Heute stellen klassische, per E-Mail verbreitete Malware-Angriffe eine Ressourcen-intensive und kostspielige Bedrohung für Unternehmen dar. Zusätzlich zu den klassischen Malware-Angriffen hat sich jedoch in der Vergangenheit eine neue Art der Bedrohung entwickelt, welche die AV-Lösung selbst zum Angriffsziel hat. Diese neuartigen Angriffe können folgende Auswirkungen haben:

  • Überall dort, wo AV-Software Daten inspiziert, kann beliebiger Schadcode (Exploit) ausgeführt werden. Hierdurch kann im Extremfall der Angreifer unter anderem den gesamten E-Mail Verkehr einsehen und weitergehende Angriffe in internen Netz-Segmenten durchführen und zwar auch dann, wenn AV-Scanning und E-Mail Server voneinander getrennt sind.

  • Die AV-Lösung kann (z. B. bei einem unsauberen Angriff) zum Absturz gebracht werden. Dies bedeutet einen Ausfall der gesamten E-Mail Infrastruktur.

  • Der Schutz der AV-Lösung kann komplett umgangen werden und dadurch können Viren oder anderer Schadcode zum End-User ausgeliefert werden.

Warum gibt es diese neuartigen Angriffe ?
aps-av brochüreDie Parsing-Engine ist unverzichtbarer Bestandteil eines jeden Virenscanners. Um binäre Dateiformate verstehen zu können, teilen Applikationen eine Datei in Blöcke und Strukturen auf (‚Parsing’). Hierbei werden Speicherblöcke reserviert, um Daten aus der Datei in sie zu kopieren. Einer der besonders anfälligen Vorgänge besteht darin, dass Datenblöcke ohne Kontrolle des Inhaltes, häufig auch ohne Kontrolle der Länge, in den Speicher kopiert werden und so in vielen Fällen zu ausnutzbaren Schwachstellen führen. Auch das SANS-Institut hat AV-Lösungen als Einfallstor in ihre Top20 der Sicherheits-Risiken aufgenommen.

Warum sind die Auswirkungen so groß ?
Einer der Gründe liegt in dem Versuch, alle geschäftskritischen Server und Clients im Unternehmen durch Software zu schützen, die mit den höchsten Rechten ausgestattet ist. Oft kommen auch mehrere AV-Engines zum Einsatz, welche die Anfälligkeit und Angriffsfläche noch einmal drastisch erhöhen.

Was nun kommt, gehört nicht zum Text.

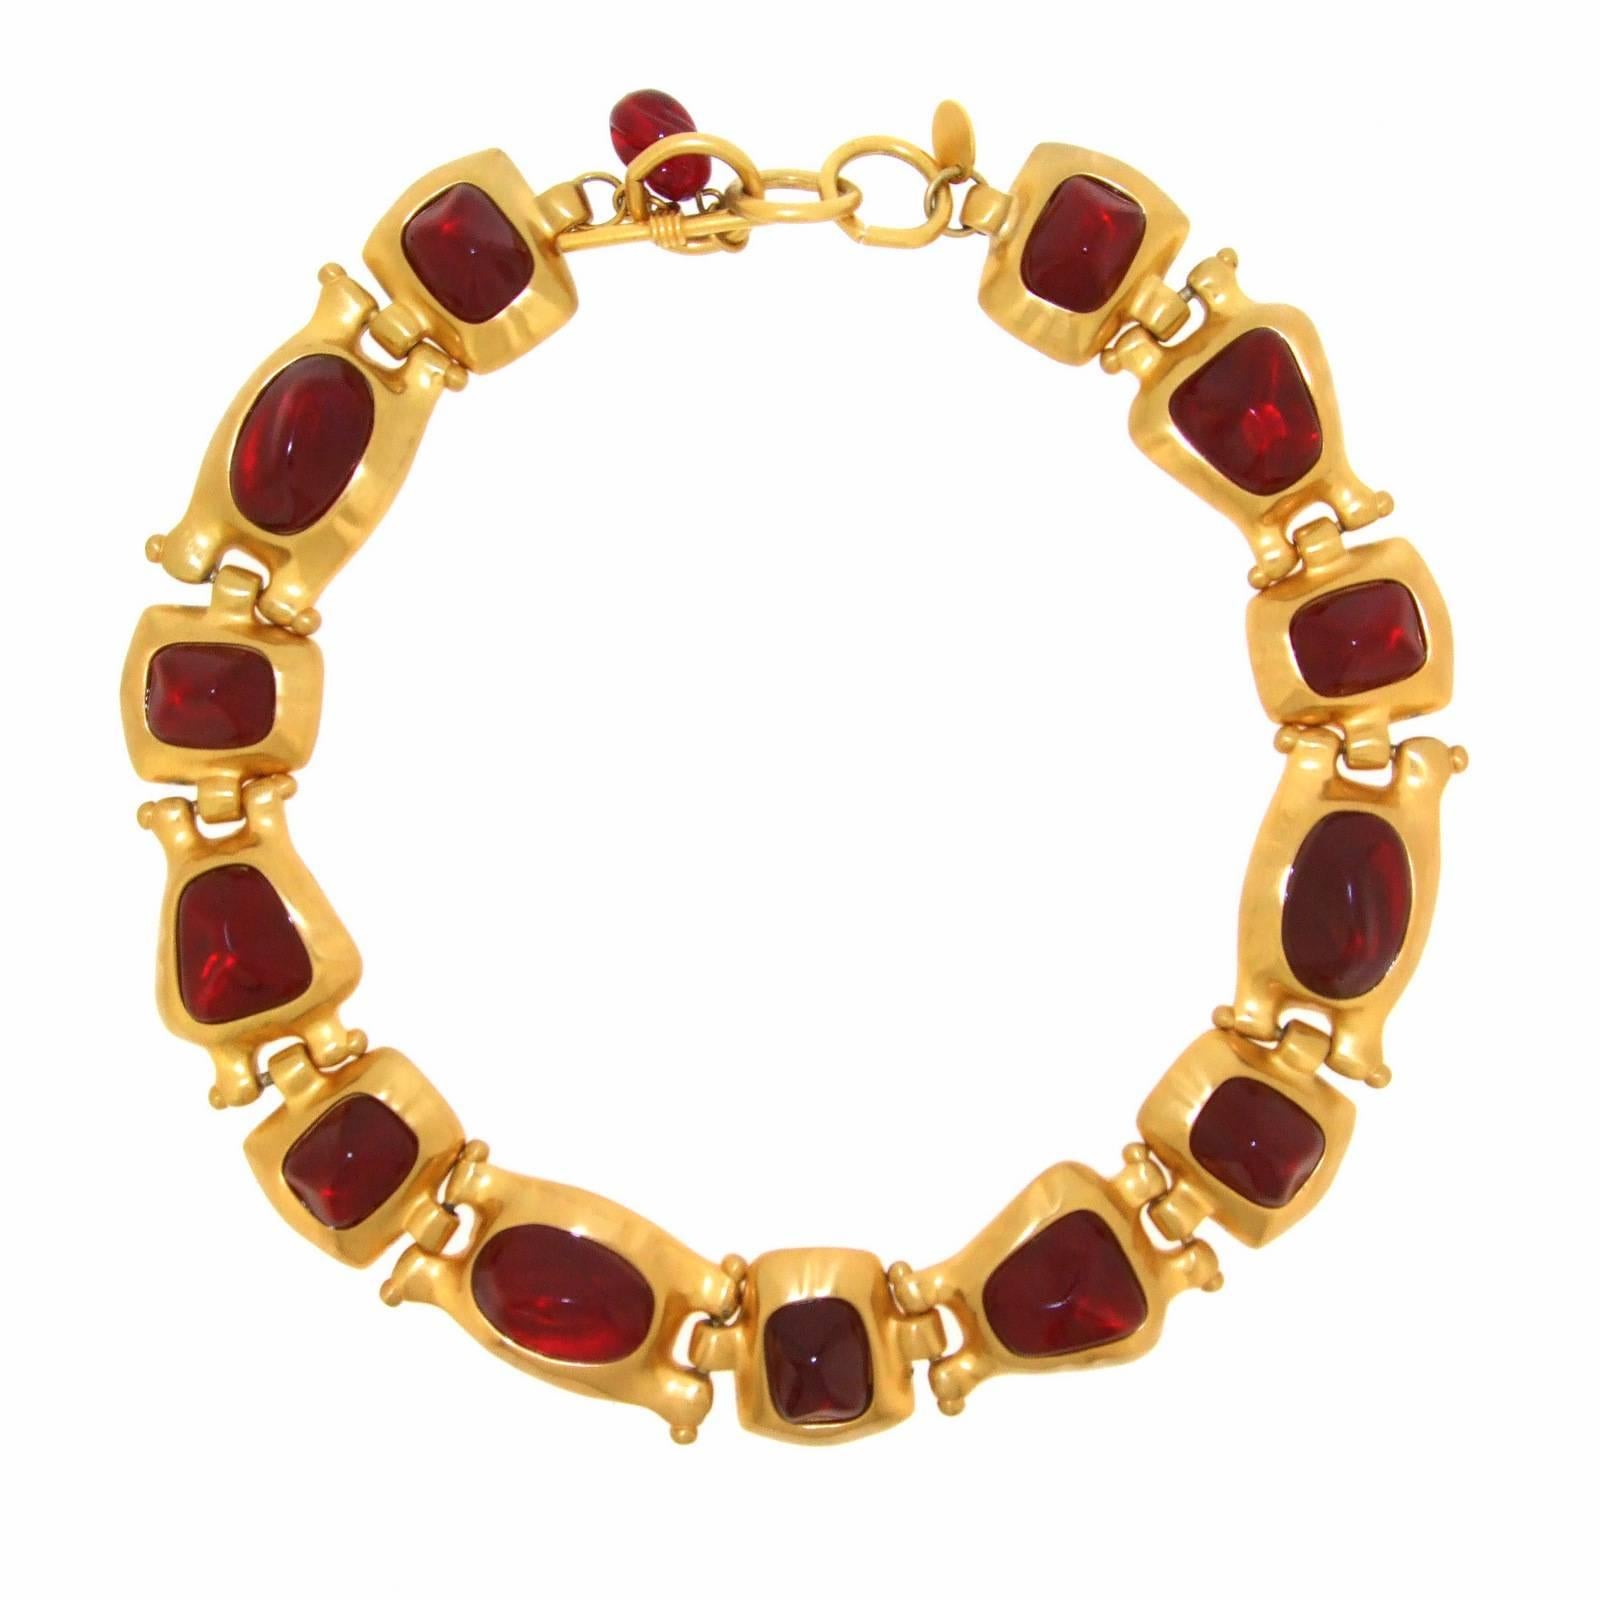 Baroque Revival Anne Klein Ruby Red Necklace For Sale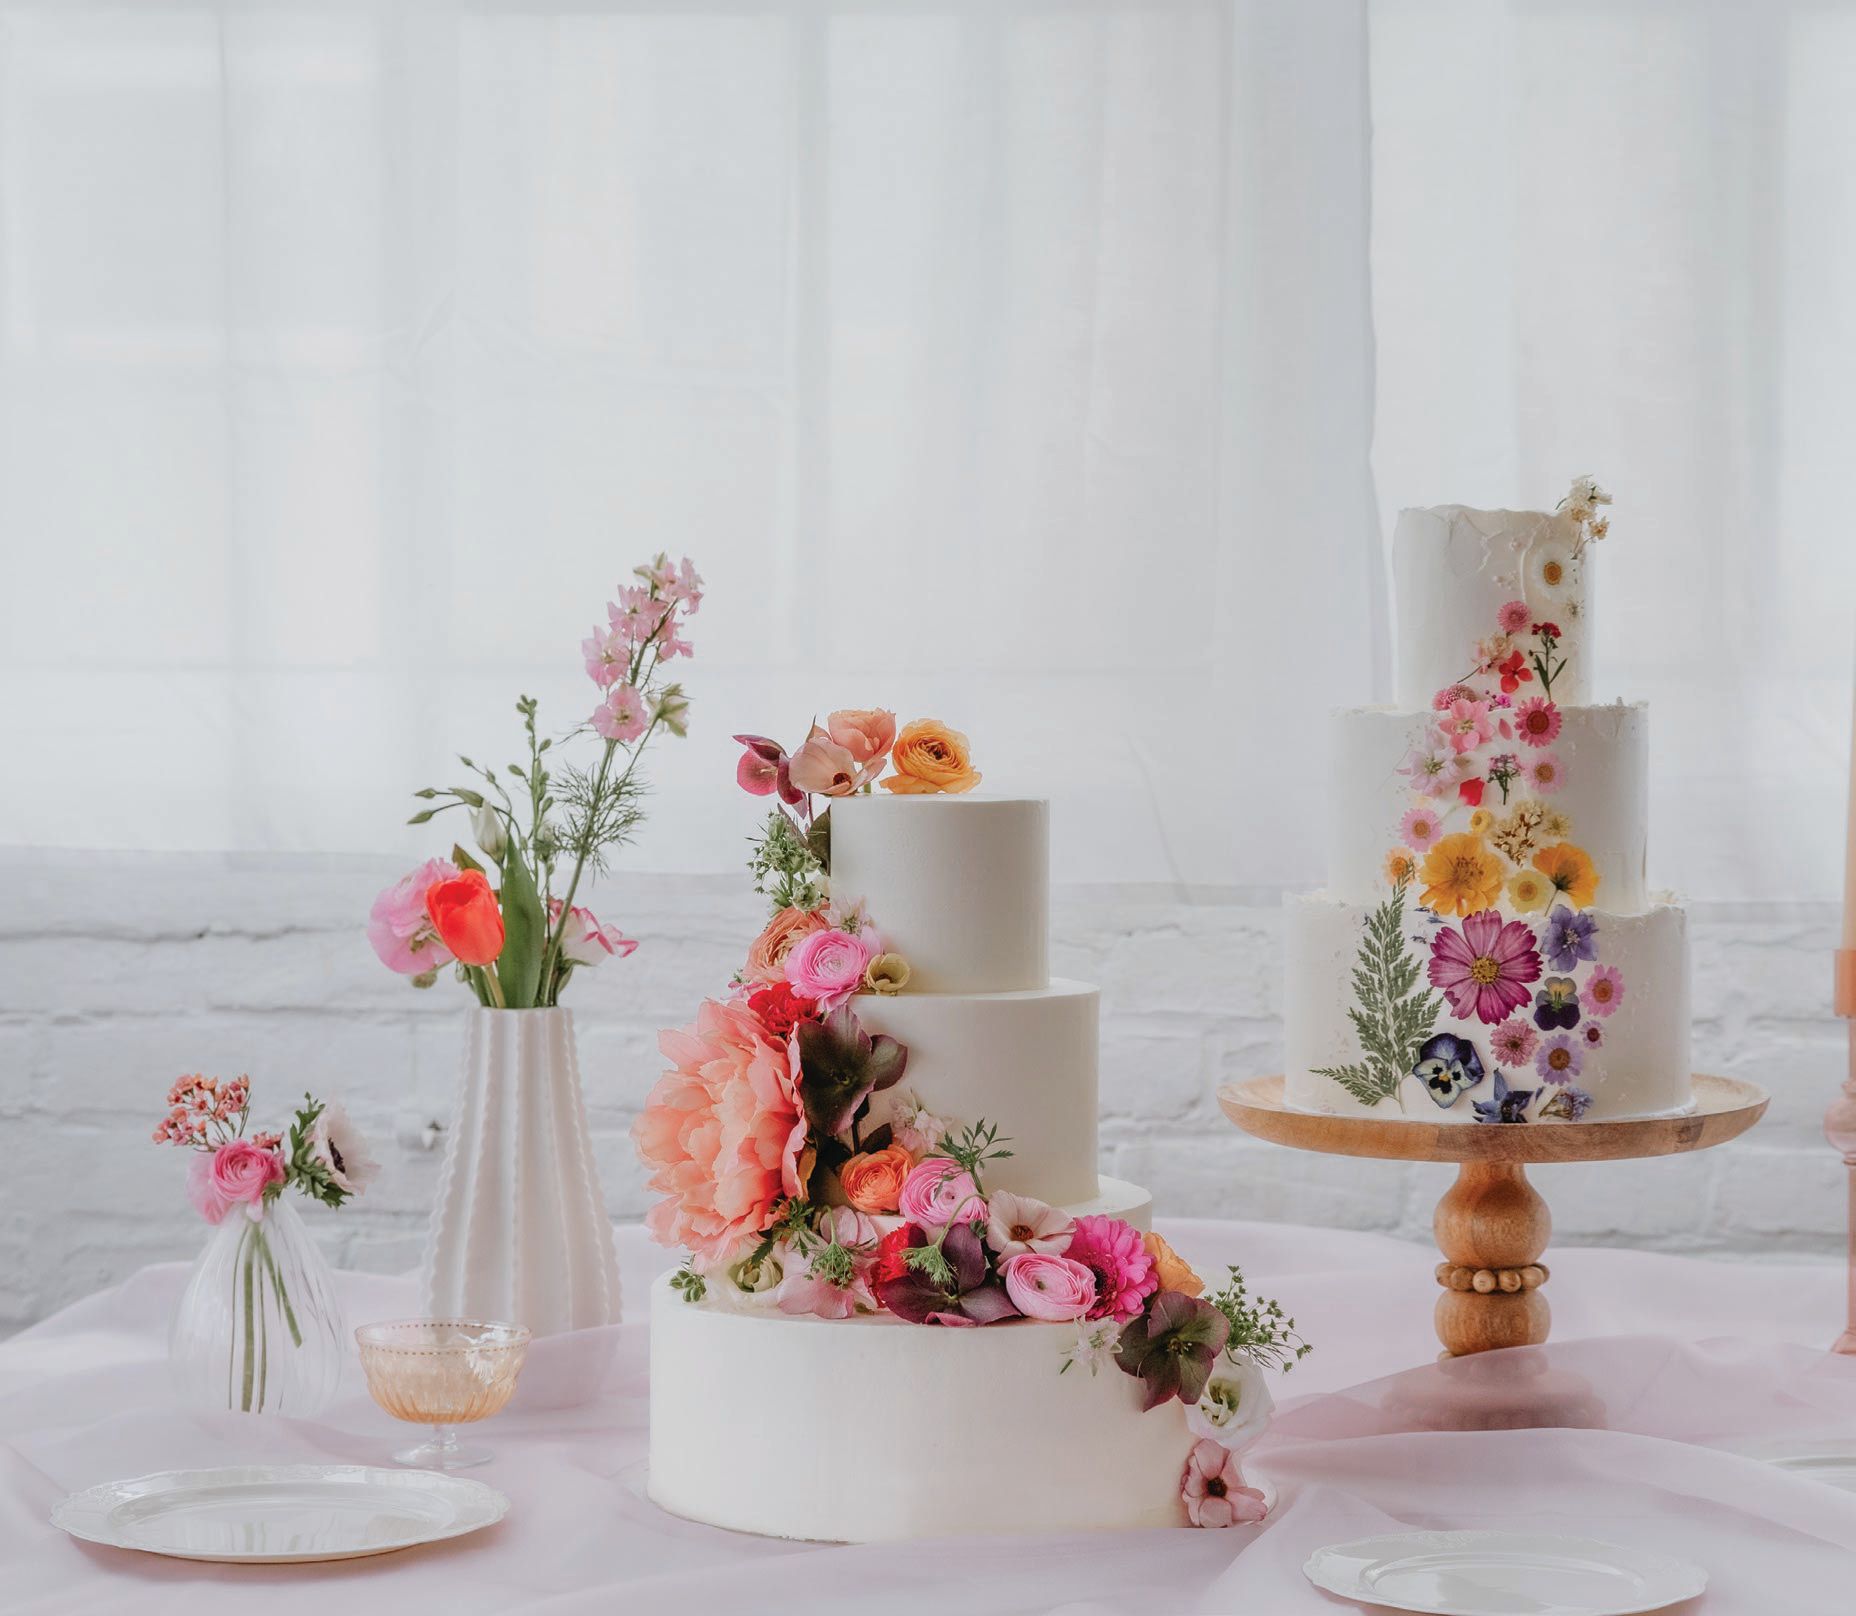 New June is known for its incredible floral designs such as these tiered cakes adorned with sweeping fresh spring peonies, wild flowers, poppies, ranunculus and vibrant pressed florals. PHOTO BY KIERSTEN ALDRIDGE PHOTOGRAPHY

Wieviele publizierte Schwachstellen gibt es ?
Die n.runs AG hat über 800 Schwachstellen gemeldet, einige wurden entfernt, die meisten existieren jedoch nach wie vor. Warum? Es kann bis zu 2 Jahre dauern, bis Produkt-Patches ausgeliefert werden, die die Schwachstellen beseitigen. Ein Grund dafür ist, dass AV-Engines in vielen Produkten zum Einsatz kommen und der Entwicklungsaufwand sehr hoch ist. Nachfolgend einige unabhängige Statistiken zu AV-Schwachstellen :

schwachstellen
Statistiken AV-Schwachstellen Q1/2008 - Quelle : Universität von Michigan
Bild darf mit Quellen Angabe vervielfältigt werden

av schwachstellen
Auswirkungen von 227 AV-Schwachsellen - Quelle : Secunia
(29% Schadcodeausführung, 27% Denial-of-Service)
BILD darf nicht vervielfätligt werden, Secunia.


Zielausrichtung von 227 AV-Schwachsellen - Quelle : Secunia
Von 227 öffentlich bekannten Schwachstellen können 62%
von außen (Internet) ausgenutzt werden.
BILD darf nicht vervielfätligt werden, Secunia.


Patch-Level von 227 AV-Schwachsellen - Quelle : Secunia
9% ohne Patch
BILD darf nicht vervielfätligt werden, Secunia.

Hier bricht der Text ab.